Single-barrel glass micropipettes (1- to 2-μm tip diameter, 5- to 7-MΩ resistance) filled with 2% (wt/vol) Chicago Blue dye (Sigma) in 0.5 M sodium acetate were used for the extracellular recording of single-unit action potentials from the gustatory NST. The mean coordinates for the NST recordings were 2.10 ± 0.17 (SD) mm anterior to the obex and 1.26 ± 0.15 mm lateral to the midline.
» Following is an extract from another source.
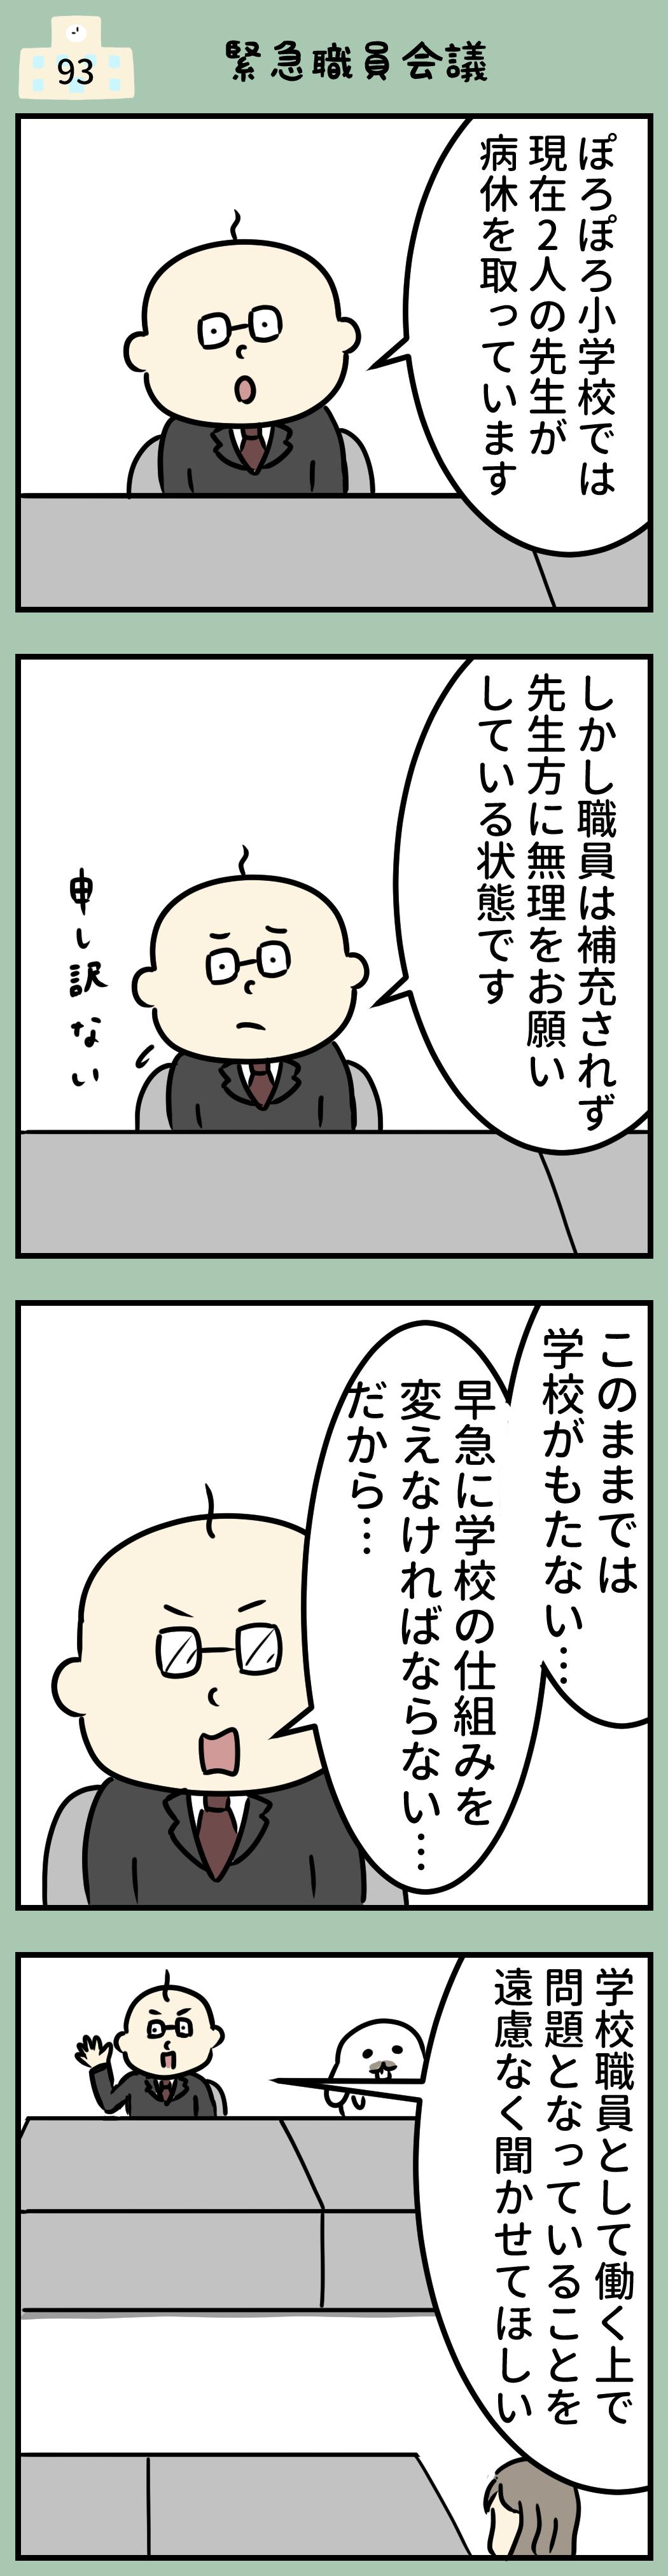 小学校 職員会議

Initially, an electrical shock (≤40 μA, 500-ms duration at 1/3 Hz) was applied to the anterior tongue to single out a gustatory neuron, and then taste stimuli were delivered to the anterior tongue to confirm taste-evoked neuronal activity of the taste cell. The following taste stimuli were presented to the anterior tongue: 32 mM sucrose, sodium chloride (NaCl), quinine hydrochloride (QHCl), and 3.2 mM citric acid in random order. These concentrations of taste solutions evoke approximately equal multiunit taste responses in the hamster NST (Duncan and Smith 1992). The responses of each cell to taste stimulation of the tongue were recorded over a 30-s period consisting of a continuous flow of 10 s of distilled water (dH2O) prerinse, 10 s of taste stimulus, and 10 s of poststimulus dH2O rinse. The net taste response was calculated as the mean number of action potentials (imp/s) during the first 5 s of taste stimulation minus the mean number of spikes during the 5 s of dH2O prior to taste delivery. Responses are reported as means ± SE. A taste response was considered significant if it was ≥2 SD above the baseline discharge, which was calculated from the firing activity during the 5-s dH2O prerinse prior to each of the taste stimuli. Each gustatory neuron was categorized as sucrose-best, NaCl-best, QHCl-best, or citric acid-best based on the stimulus that produced the greatest response (Frank 1973). The entropy (H) of each neuron, which is a measure of its breadth of responsiveness, was calculated with the excitatory components of responses to four standard taste stimuli according to the formula contrived by Drs. Smith and Travers (Smith and Travers 1979).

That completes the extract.